Chance walks down the hall, Brooklyn next to him, and I pause. Nothing like ripping the bandage off right now.

“You go on to class. I’ve got something to do.”

She looks past me, following my gaze, and gives me a nod as she and Piper take off, their heads tilted together. I can only imagine what Piper’s asking.

I walk over to Chance, who hasn’t seen me yet.

“Hey,” I say to him, nerves kicking in. How am I going to do this? Oh, by the way, last year when you were seeing Ava, I wanted her, and now I’ve had her and don’t think I’ll ever let her go?

I glance at Brooklyn. “Can you give us a moment?”

“What’s up?” Chance says as she heads to class. “You ready for the game tomorrow? Anxious? I heard a scout from Auburn is coming.”

So did I. I’ve kept thoughts of it locked away and will focus on it when I need to.

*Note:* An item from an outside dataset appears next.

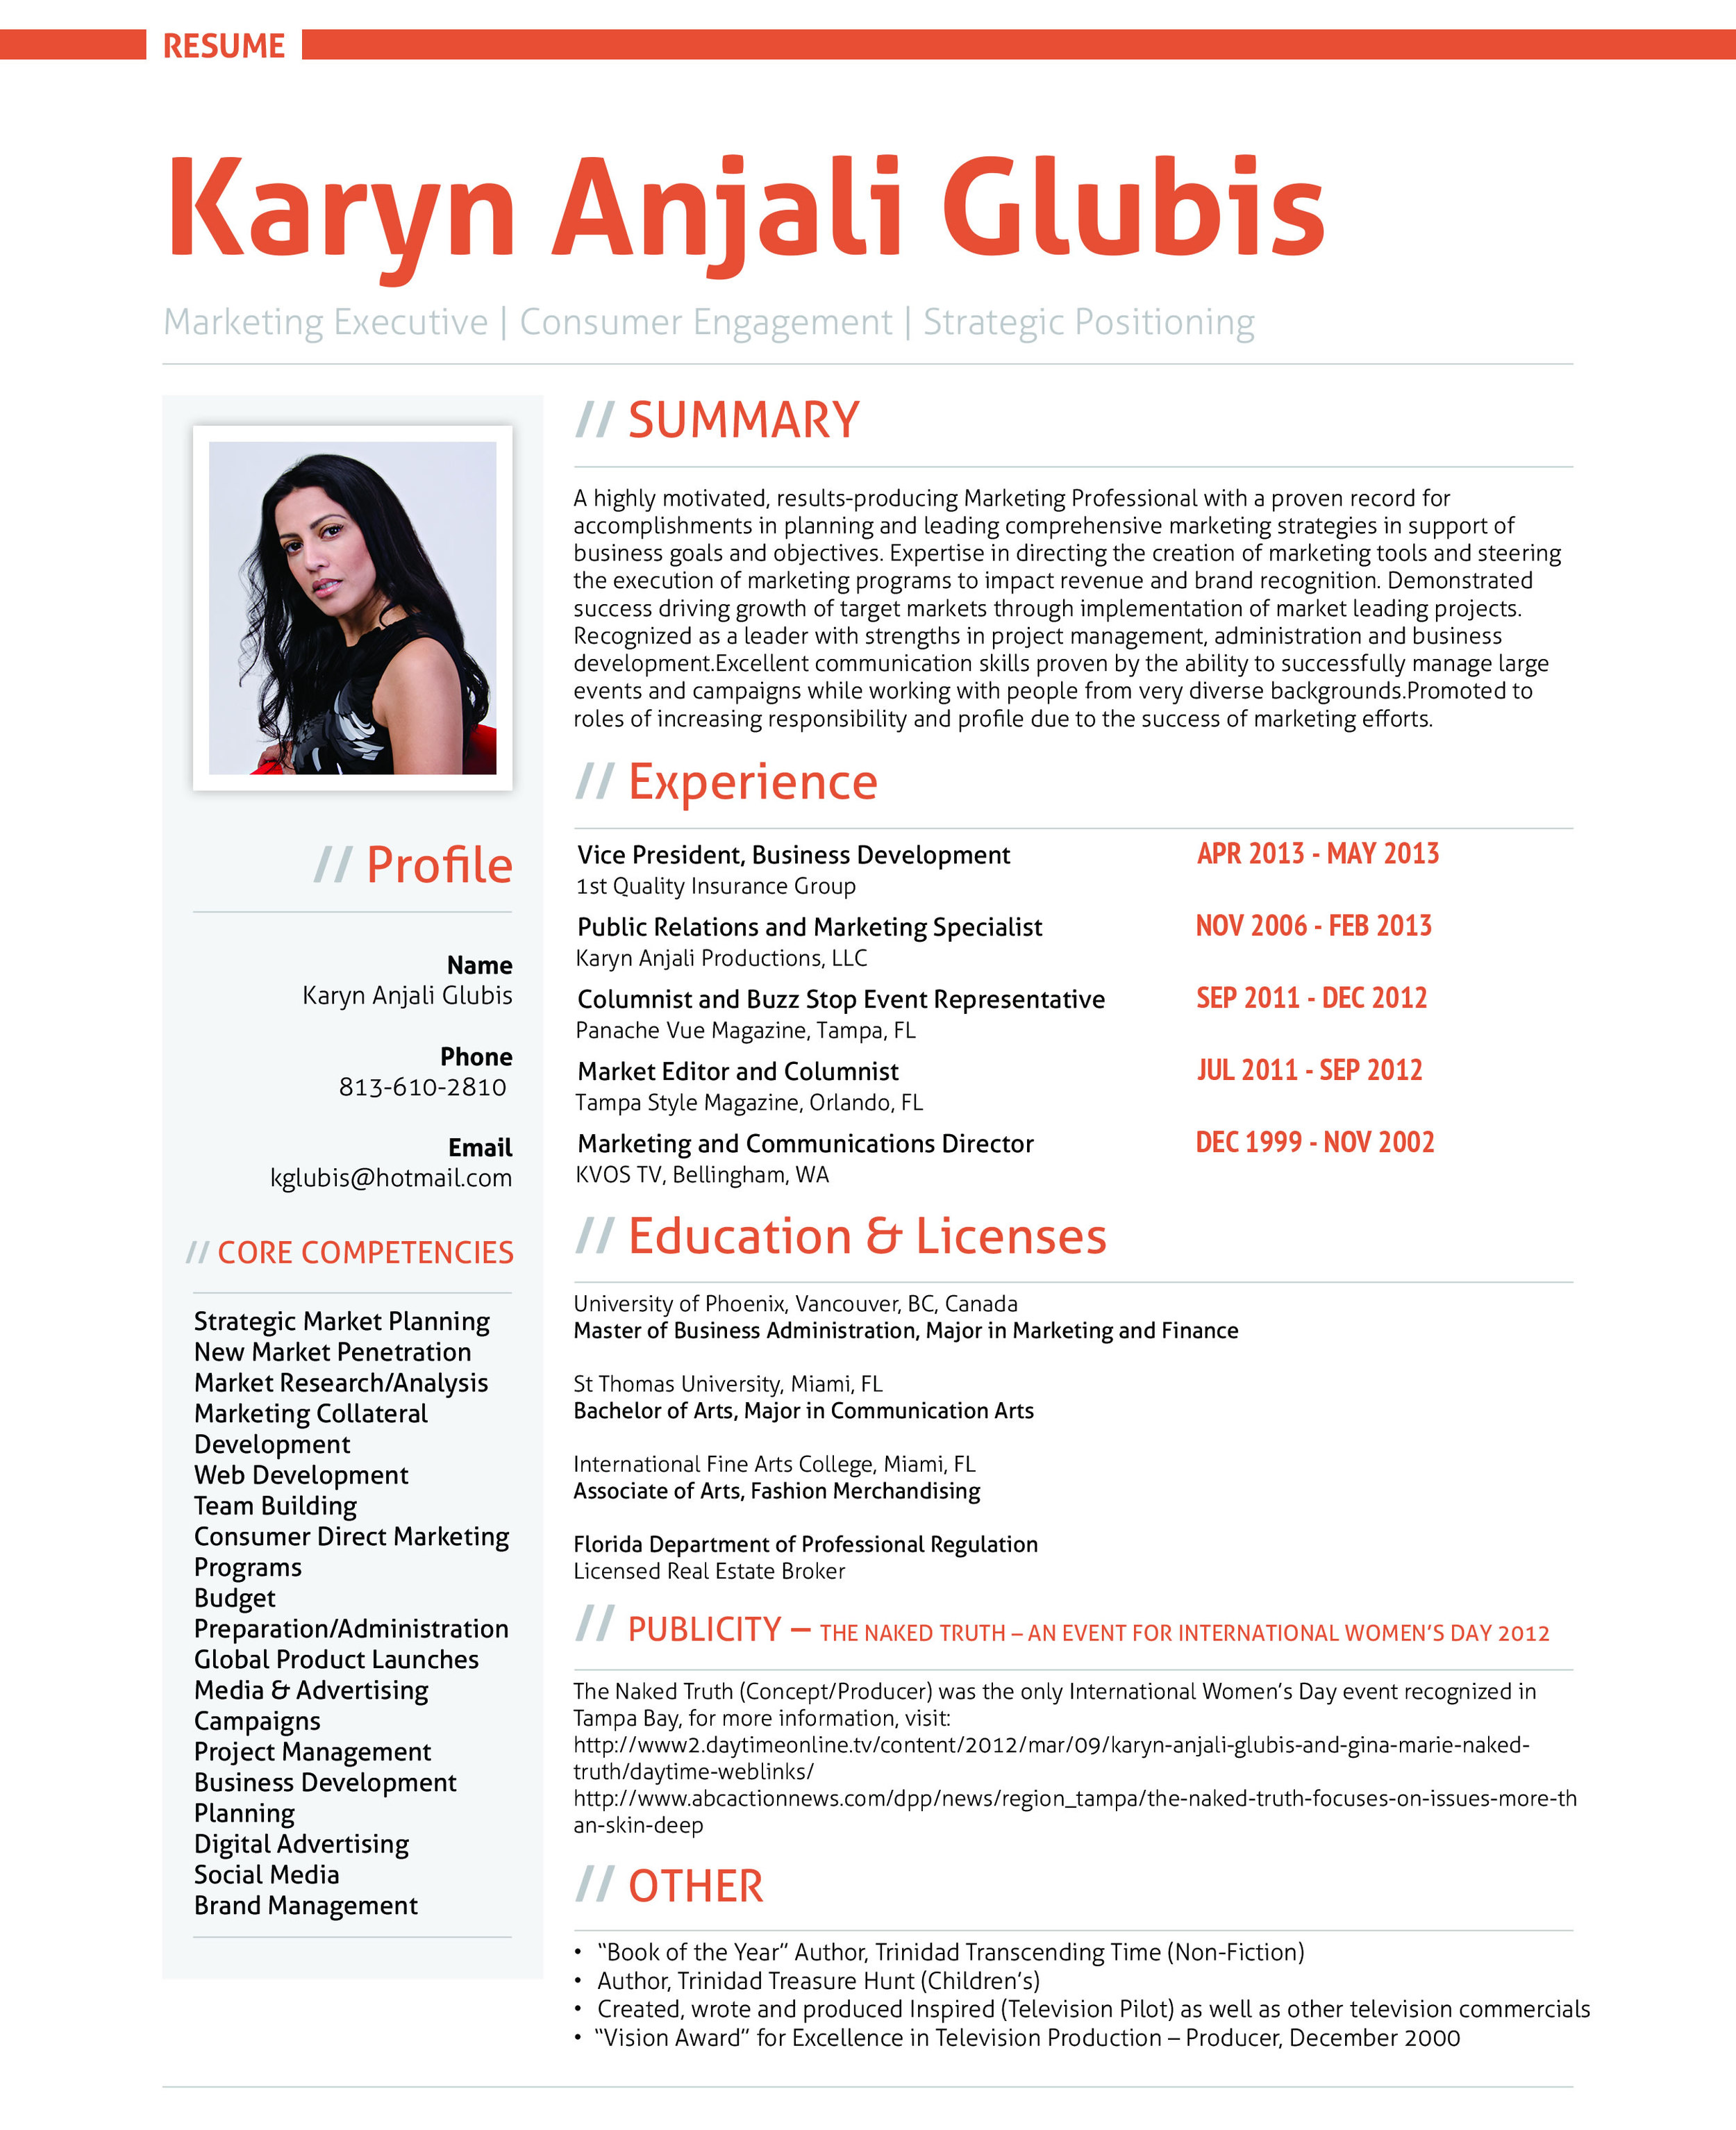 Karyn Glubis Resume.jpg

I study him. “I’m with Ava.”

He pauses, and a long sigh comes from him. “With her?”

“She’s mine.”

Shoving a hand through his hair, he glares at me as his nose flares. “You’re my best friend. You know I still care about her, and when you want a girl, you just take her and then it’s over. Is that what you’re telling me? You want to screw my ex?” His face tightens. “Or have you already?”

Not answering that.

His hands tighten around his books.

“Are you angry?” I expect him to be, but I don’t want to lose him…

“Yes.” His teeth clench. “How do I know you didn’t hurt her at the kegger?”

“How do I know it wasn’t you?” I reply sharply. Part of me knows he’s not like that, and that’s what I’ve been telling myself for months, but…

His fists clench. “Because I loved her, and it pisses me off for you to even think that!”

I exhale, trying to shake off the anger I feel toward him. “You had your opportunity, Chance. You have Brooklyn. Ava is mine.”

He shakes his head, a knowing glint in his eye. “No, she isn’t. You may think so, but that girl is nobody’s. She belongs to herself. She’s different from everyone else here. You can’t own her like your dad owns this town—”

“Do you know how she grew up? She used to live under a bridge. Her mom was an addict and dumped Ava with a newborn baby. Tyler’s like her kid. Do you know her? Really?”